Горе тому миру, где презирают мечту. Мечта в нас глубже всех прочих корней; чего же нам ждать от мира, в котором удел этой глубины — презрение? Наша культура, сверх меры нашпигованная телевидением, компьютеризацией, межконтинентальными ракетами, обосновалась в умах не так давно; до нее были и другие. Не знаю, насколько тогда было распространено это презрение. Вероятно, его вездесущность в нашей среде — один из многочисленных признаков, отличающих нас от наших предшественников. Их духовные принципы мы вытеснили из мира раз и навсегда; так сказать, стерли с лица планеты. Я не слышал ни об одной культуре, помимо нашей, в которой к мечте относились бы без должного уважения, в которой ее глубокие корни не ощущались бы и не признавались бы всеми и повсеместно. Найдется ли хотя бы одно открытие, хотя бы один важный труд в жизни человека или народа, который родился бы не от грезы, и не в ней черпал бы силы перед тем, как, завершенным, появиться на свет? У нас же, однако, как известно (читай: одинаково, повсеместно) уважение к мечте держат за предрассудок. Всякий знает, что наши психологи с психиатрами, измерив мечту вдоль и поперек, нашли, что памяти небольшого компьютера для всех ее «параметров» с лихвой достаточно. Вот еще одна особенность нашей культуры: современный человек едва ли сумеет, скажем, собственноручно развести огонь; рождение ребенка, смерть матери или отца в собственном доме — кто в наши дни решится вынести подобное зрелище! Слава Богу, для этого есть больницы и родильные дома… Наш мир горд своим могуществом, измеряемым в атомных мегатоннах, он кичится количеством информации, хранящейся в его компьютерах, или, по старинке, в библиотеках. Но, как только речь заходит о каждом его обитателе в отдельности, он сразу оказывается миром бессилия. Ведь наш страх, наше презрение по отношению к простым и важным для жизни вещам достигли сегодня небывалой величины.

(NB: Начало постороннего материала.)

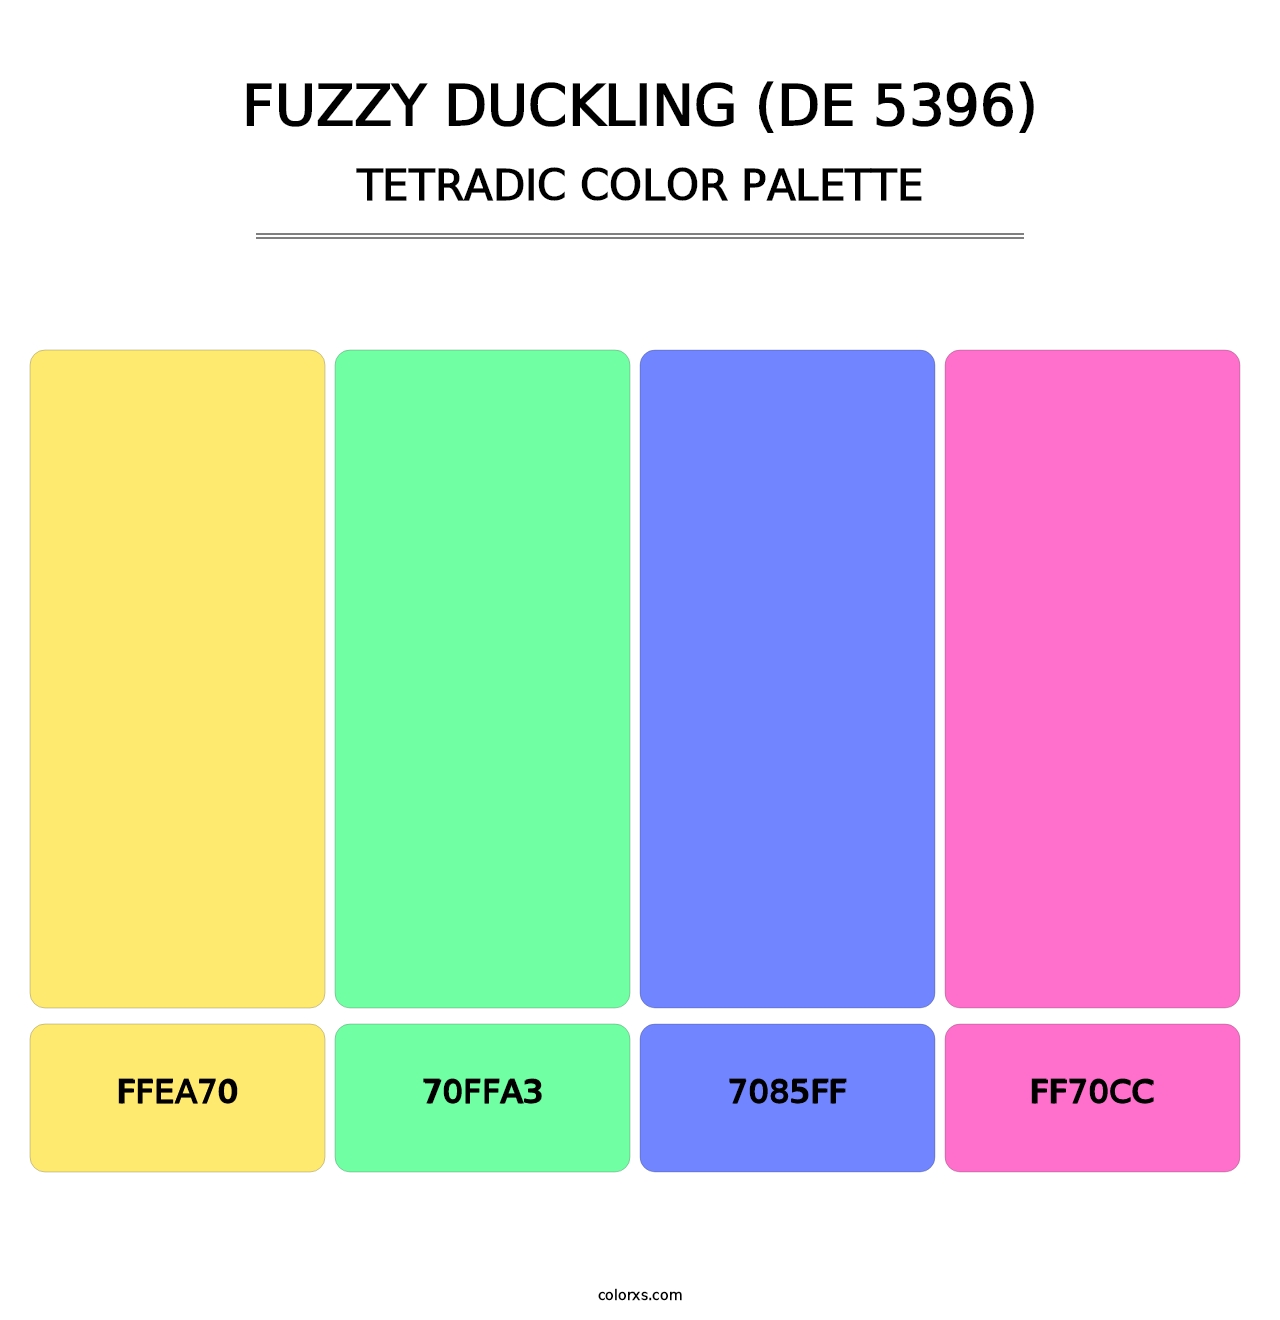 Fuzzy Duckling (DE 5396) - Tetradic Color Palette

В обществе с наистрожайшими нравами всегда находилось место первородному влечению пола, как ни трудились моралисты. Вот и мечту, к счастью, так легко не убьешь. Предрассудок или общепризнанная реальность, она по-прежнему продолжает нашептывать нам слова тайны и намекать на разгадку. Рассудок не в силах уловить ее речи; мешает какая-то неповоротливость — или малодушие. Но мечте — взгляните! — и дела нет; одушевляя наши мысли, наделяя их крыльями на пути к осуществлению, она обходится своими средствами.

Я, кажется, недавно сказал, что мечта лишь нехотя обретает форму. Но это — только на первый взгляд! Нежелание, медлительность исходят от рассудка. Да и все эти слова: «неохотно», «медлительность», «нежелание», — по сути не что иное, как эвфемизмы. В действительности речь идет о глубоком презрении, за которым, в свою очередь, стоит заложенный в нас от века страх перед знанием. Когда дело доходит до мечты в собственном смысле этого слова, страх, пробуждаясь, становится намного более действенным. Он образует заслон, который тем эффективнее, чем более непосредственно весточка мечты затрагивает нас лично, чем более глубоким преобразованием, по прочтении, грозит она нашей душе.

И все же, как ни странно, то же самое недоверие преграждает дорогу даже сравнительно безобидным в этом отношении математическим «грезам». Кажется, дошло до того, что всяческое подобие мечты изгоняется не только из научных текстов (я, во всяком случае, не встречал исключений), но и из разговоров между коллегами — в узком кругу, и даже с глазу на глаз.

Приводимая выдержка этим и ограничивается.